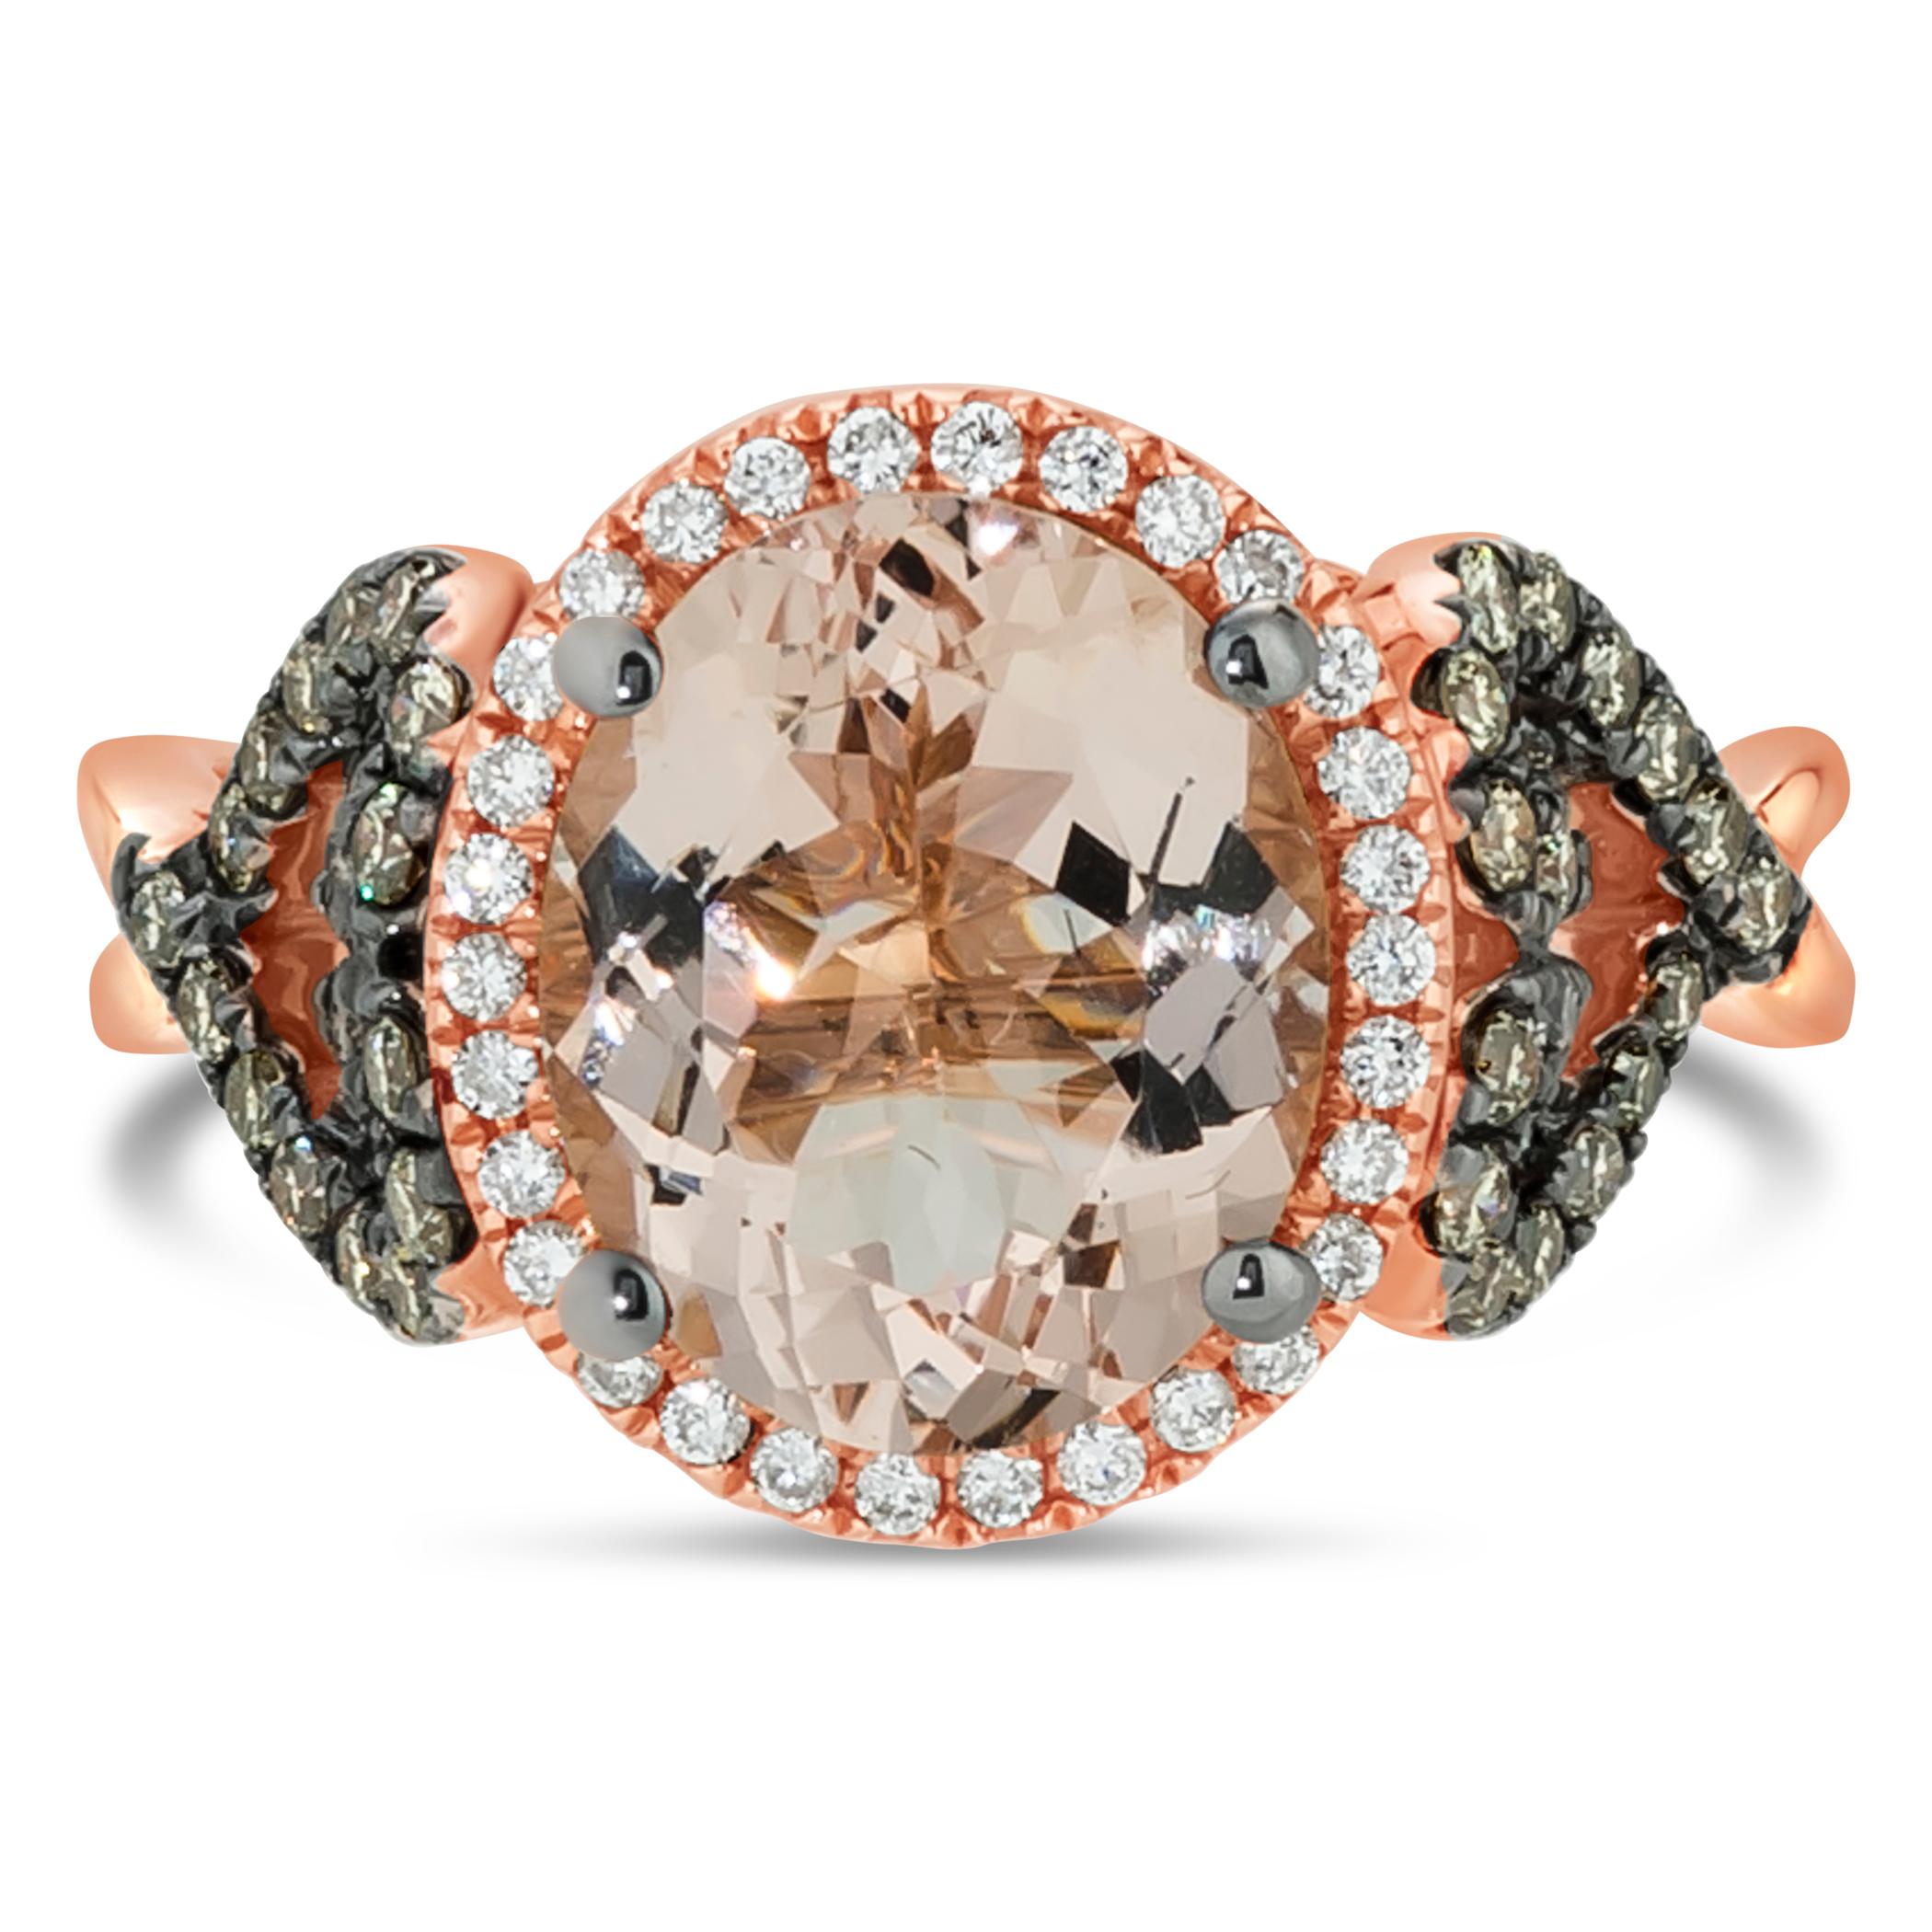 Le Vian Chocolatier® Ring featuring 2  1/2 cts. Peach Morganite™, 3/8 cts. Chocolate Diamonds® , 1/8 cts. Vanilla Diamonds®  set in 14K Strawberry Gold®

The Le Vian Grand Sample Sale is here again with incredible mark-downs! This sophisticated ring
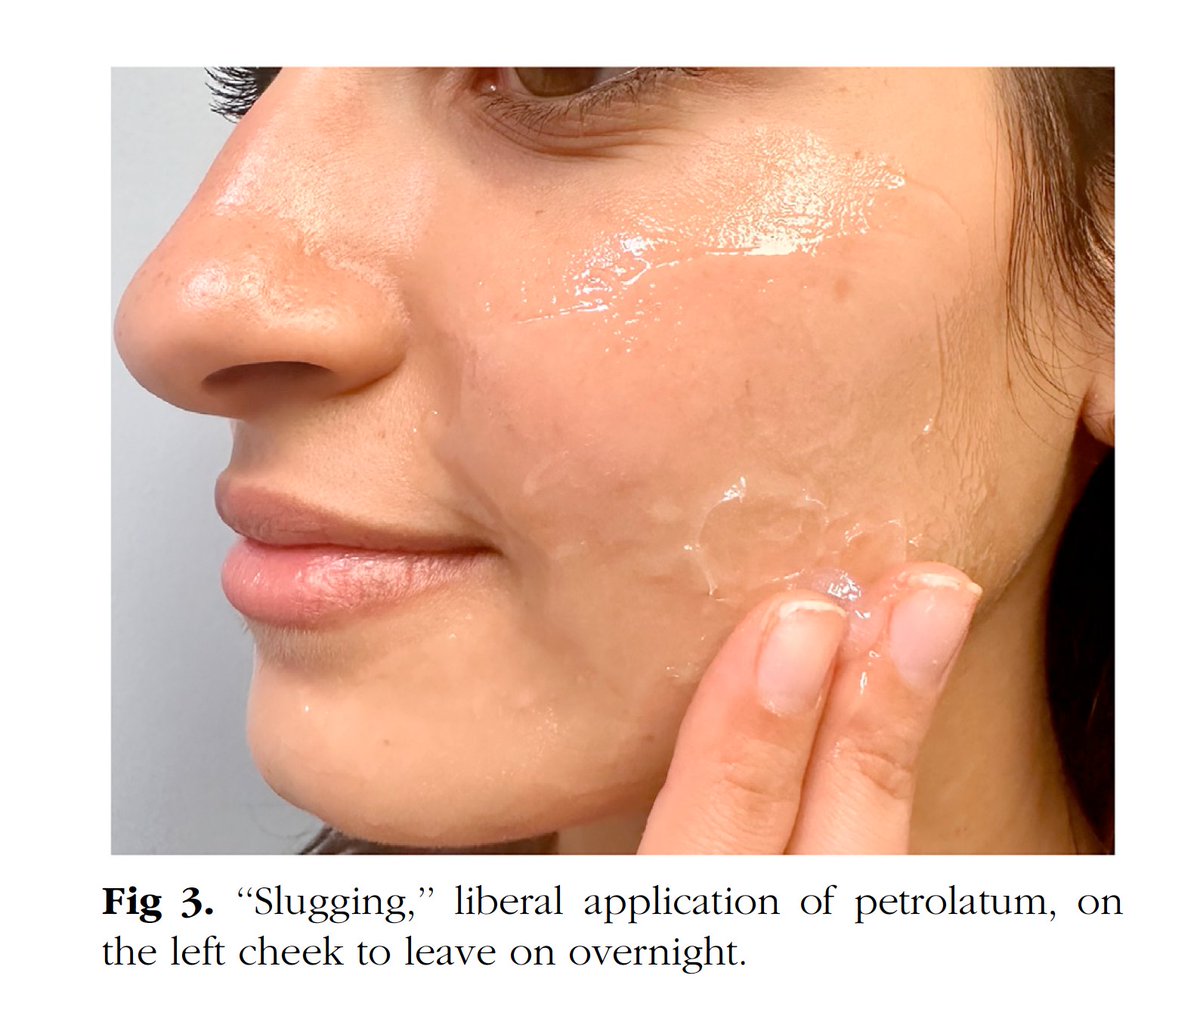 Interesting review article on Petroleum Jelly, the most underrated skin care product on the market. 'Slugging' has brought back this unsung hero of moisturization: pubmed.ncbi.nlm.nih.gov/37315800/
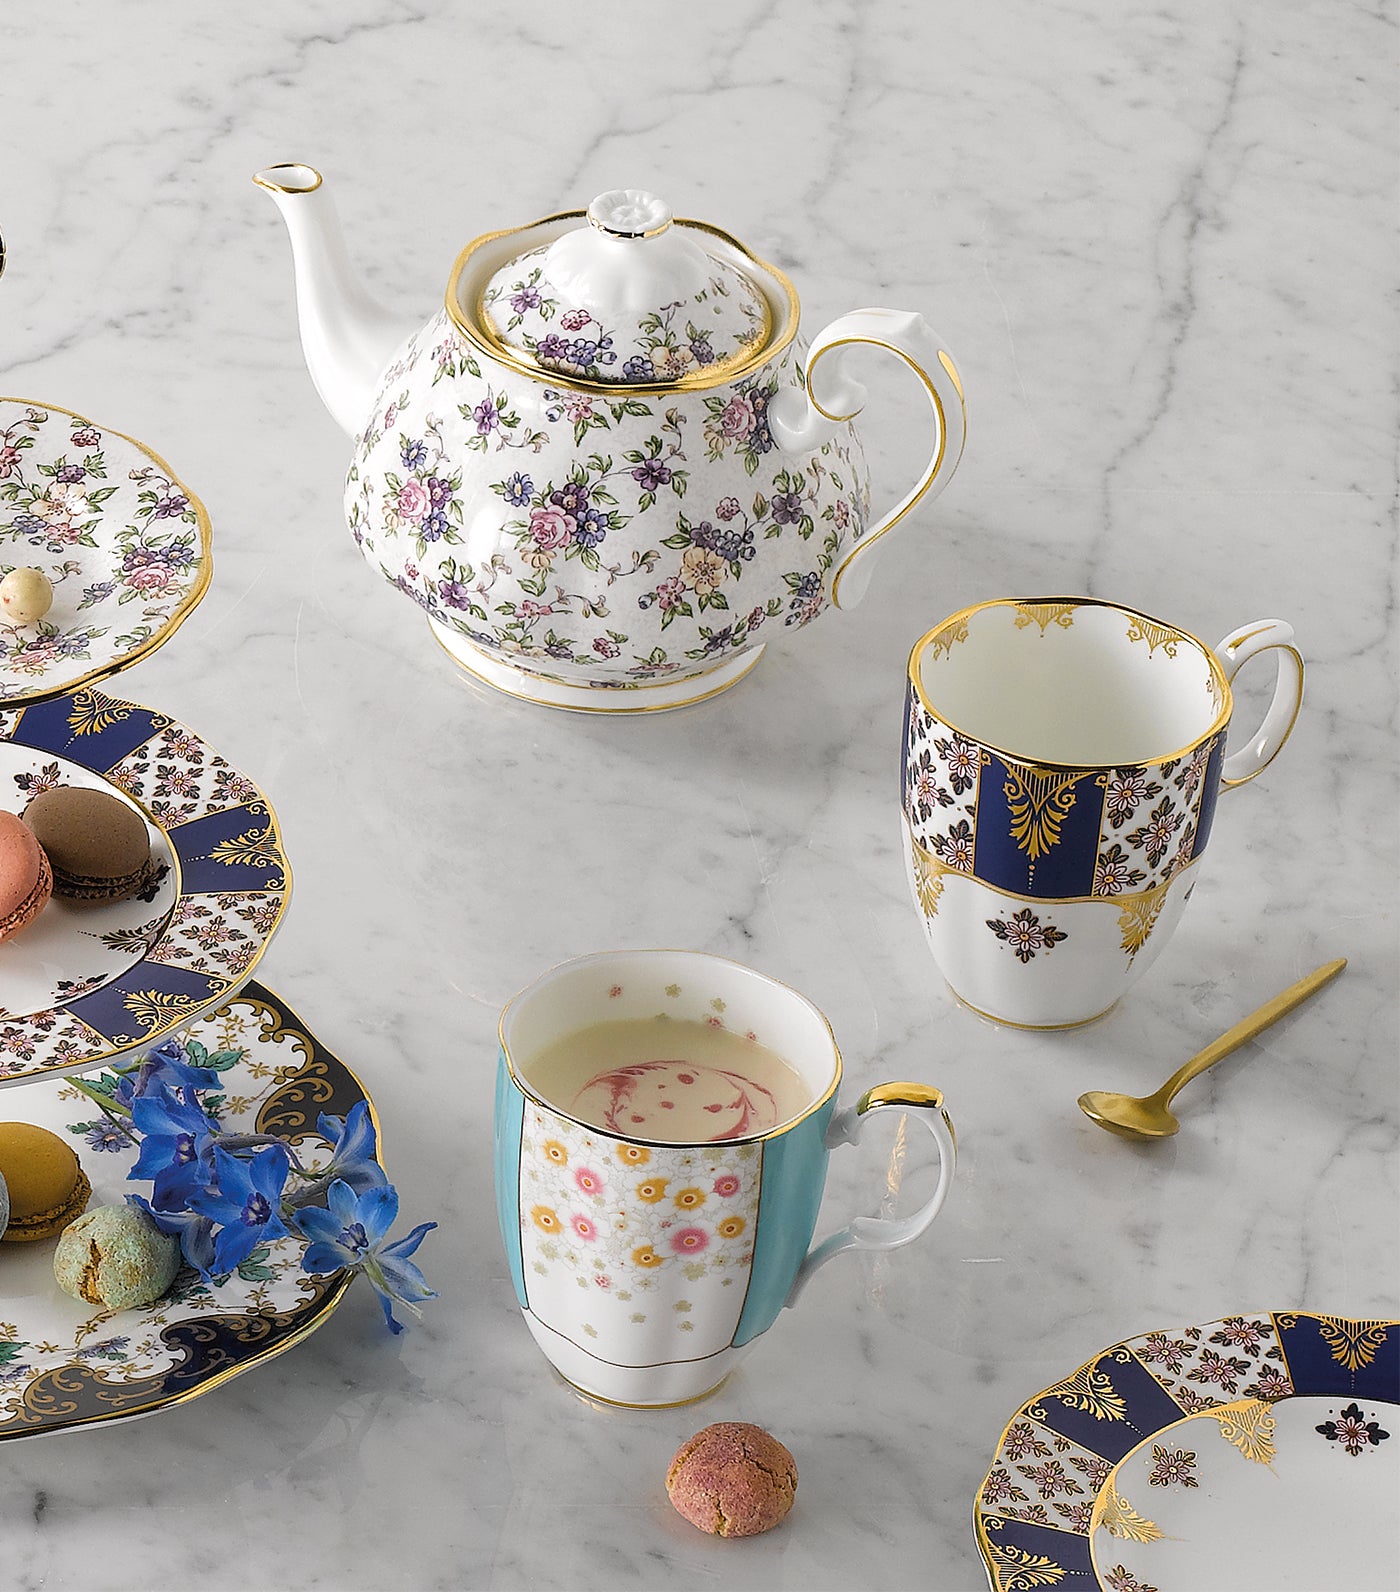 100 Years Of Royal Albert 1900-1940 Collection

+++

Problem description.
Each line from the first line of the listing through the line with "Interesting review article" must be printed exactly, both ends included, and no picture may appear.

Answer area.
 Le Vian Chocolatier® Ring featuring 2  1/2 cts. Peach Morganite™, 3/8 cts. Chocolate Diamonds® , 1/8 cts. Vanilla Diamonds®  set in 14K Strawberry Gold®

The Le Vian Grand Sample Sale is here again with incredible mark-downs! This sophisticated ring
 Interesting review article on Petroleum Jelly, the most underrated skin care product on the market. 'Slugging' has brought back this unsung hero of moisturization: pubmed.ncbi.nlm.nih.gov/37315800/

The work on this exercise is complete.